Johnny BOYKIN, Appellant v. STATE of Mississippi, Appellee.

No. 2005-KA-00628-COA.

Decided: November 07, 2006

Before KING, C.J., CHANDLER and ROBERTS, JJ. Michael R. Farrow, Columbus, attorney for appellant. Office of the Attorney General, by Scott Stuart, attorney for appellee.

¶ 1. Johnny Boykin was convicted by a Lowndes County Circuit Court jury of two counts of child fondling.   Boykin now appeals, raising only the issues of legal sufficiency and weight of the evidence.   Finding no error, we affirm.


¶ 2. On August 30, 2002, C.B. and H.B.1 , Boykin's fourteen and thirteen-year-old daughters, spent the night at their father's home as they did every weekend since their parents' divorce.   The girls slept on couches in the living room.   The next morning Boykin took his wife, T.J., to work at a nearby convenience store at approximately 5:00 a.m.

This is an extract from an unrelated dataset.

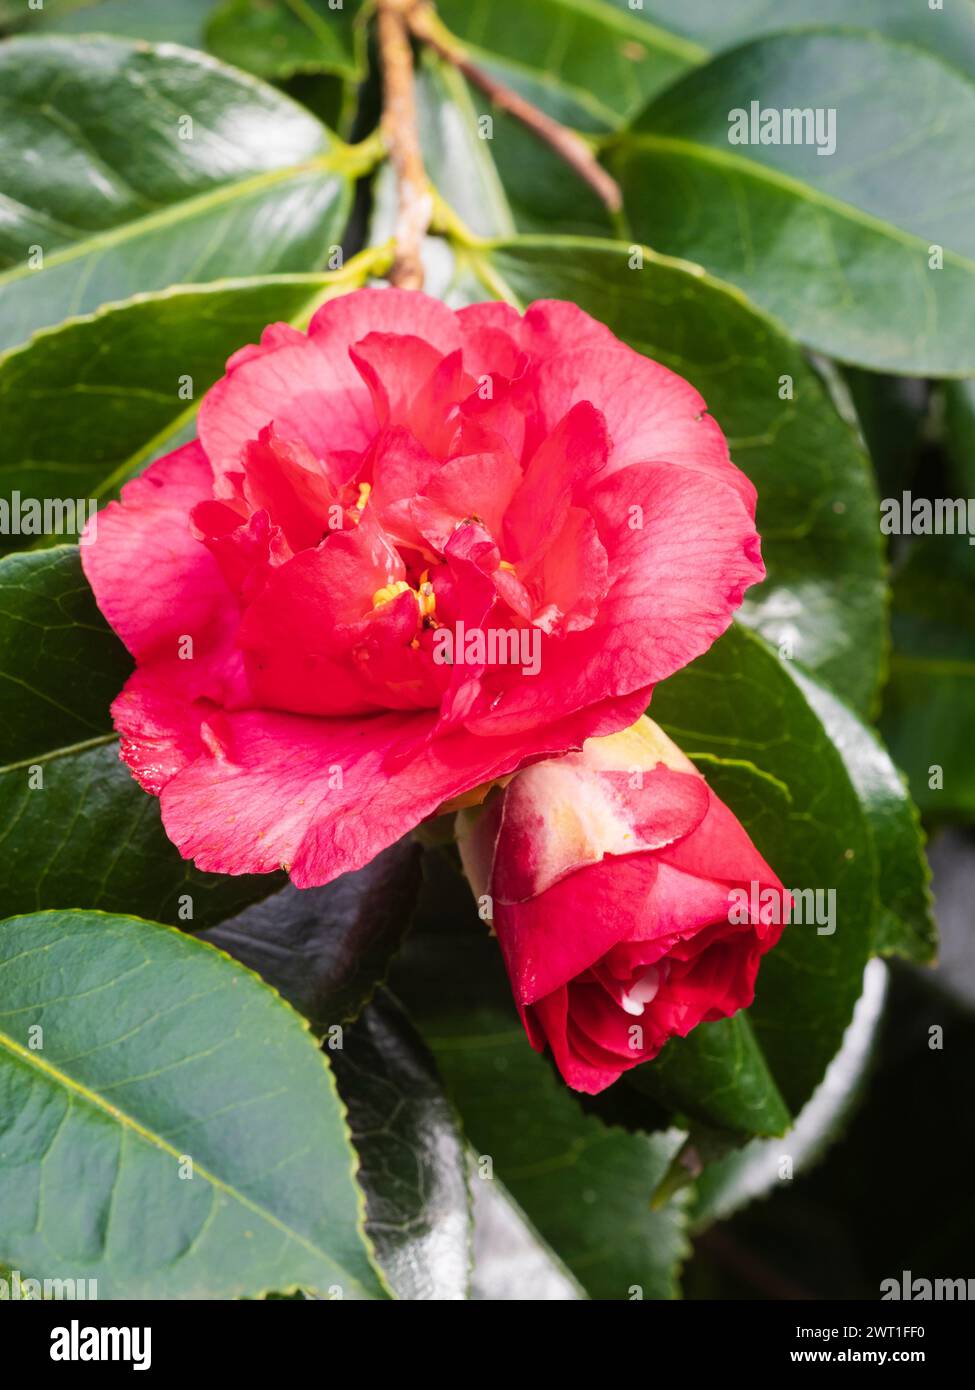 Late winter to early spring flower of the hardy evergreen shrub, Camellia japonica 'Elegans' Stock Photo

The girls were still asleep when Boykin and T.J. left.   T.J. testified that Boykin stayed at the convenience store reading the newspaper and drinking coffee until approximately 8:00 a.m.

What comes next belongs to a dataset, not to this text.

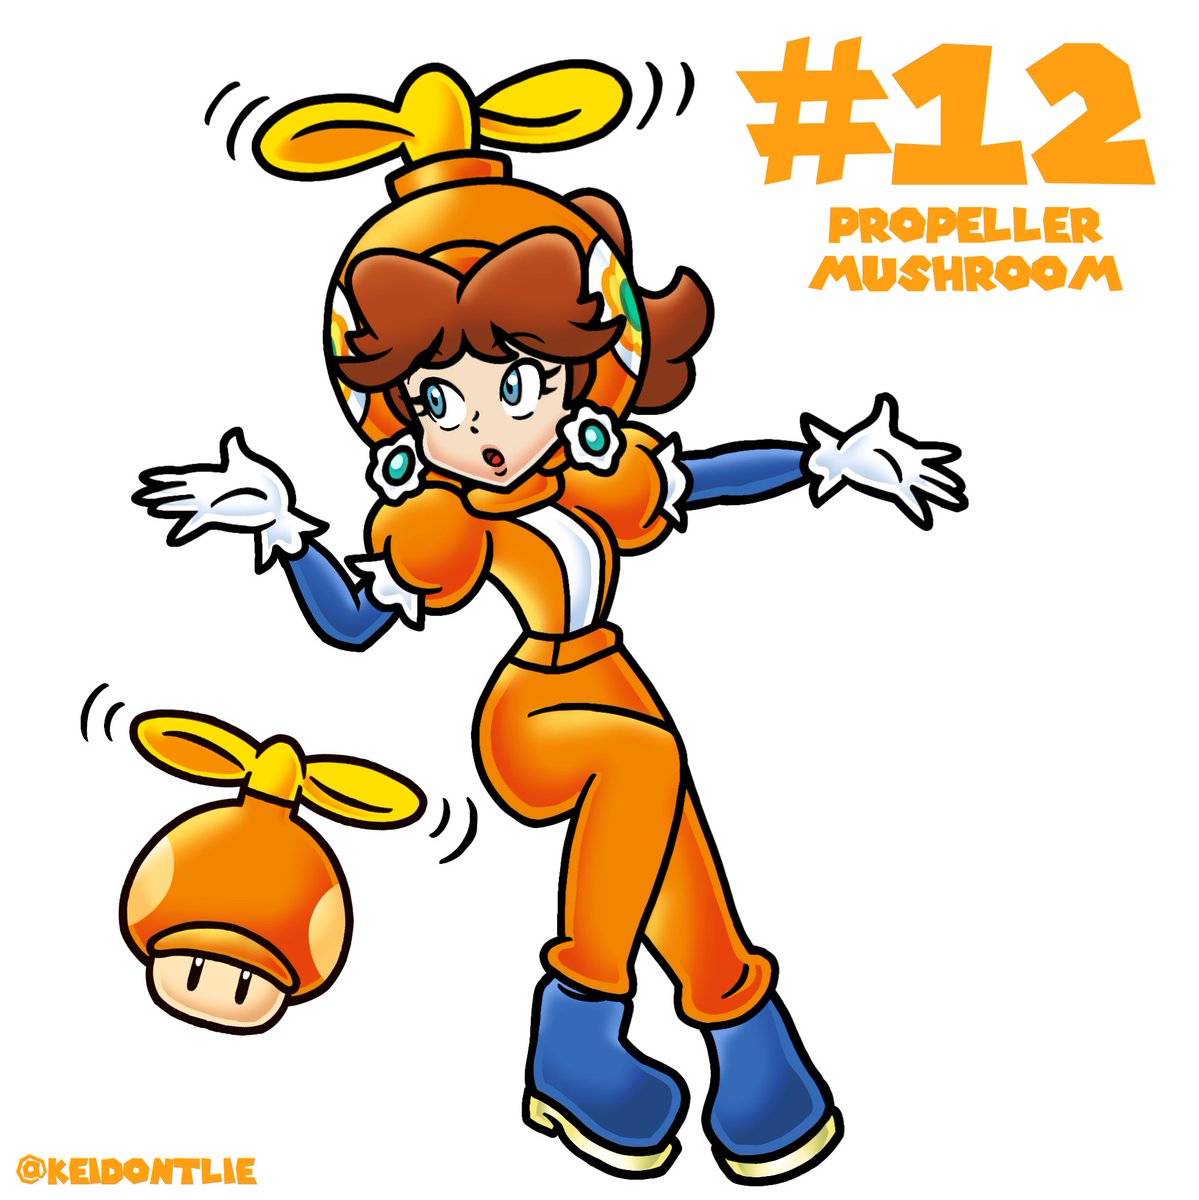 3 mushroom in a row! The Propeller mushroom is kinda special to me since SMBWii was one of my first Mario games I ever played. 🚁🌼 Transforms Daisy into Propeller Daisy. #PrincessDaisy #SuperMario #MarioBros #Fanart #PowerUpDaisy

¶ 3. C.B. testified that she woke up that morning to her father pulling down her underwear.   She screamed, which awoke her sister, and pleaded with her father that, “dad's don't do that.”   Both girls testified that Boykin was wearing only his underwear and that his penis was exposed through his underwear.   Boykin then ordered the girls to go to his bedroom, where he demanded that they watch him masturbate.   The girls, who were sitting on a mattress on the floor, stared out of the bedroom window as Boykin began to masturbate.   He then ordered H.B. to lie down.   She complied, and Boykin pulled down her underwear and began rubbing his penis on the inside of her thigh.   Next, he told C.B. to lie down.   She refused, but finally complied after Boykin twice repeated the command and threatened her with a whipping if she did not comply.   Boykin then pulled down her underwear and repeated the process.   He ejaculated on her buttocks, wiped himself with a towel, and told the girls to go take a shower.

¶ 4. Boykin and the girls went to pick up T.J. from work at about noon.   After arriving at T.J.'s place of employment, C.B. went to the bathroom.   Boykin followed her in the bathroom and exposed his penis and told C.B. not to tell anyone what had transpired.   According to T.J., after leaving the convenient store, the four drove to Starkville to spend the afternoon.   T.J. testified that the girls acted like their usual selves the entire day.   That evening, all four returned to Boykin's home and watched television together.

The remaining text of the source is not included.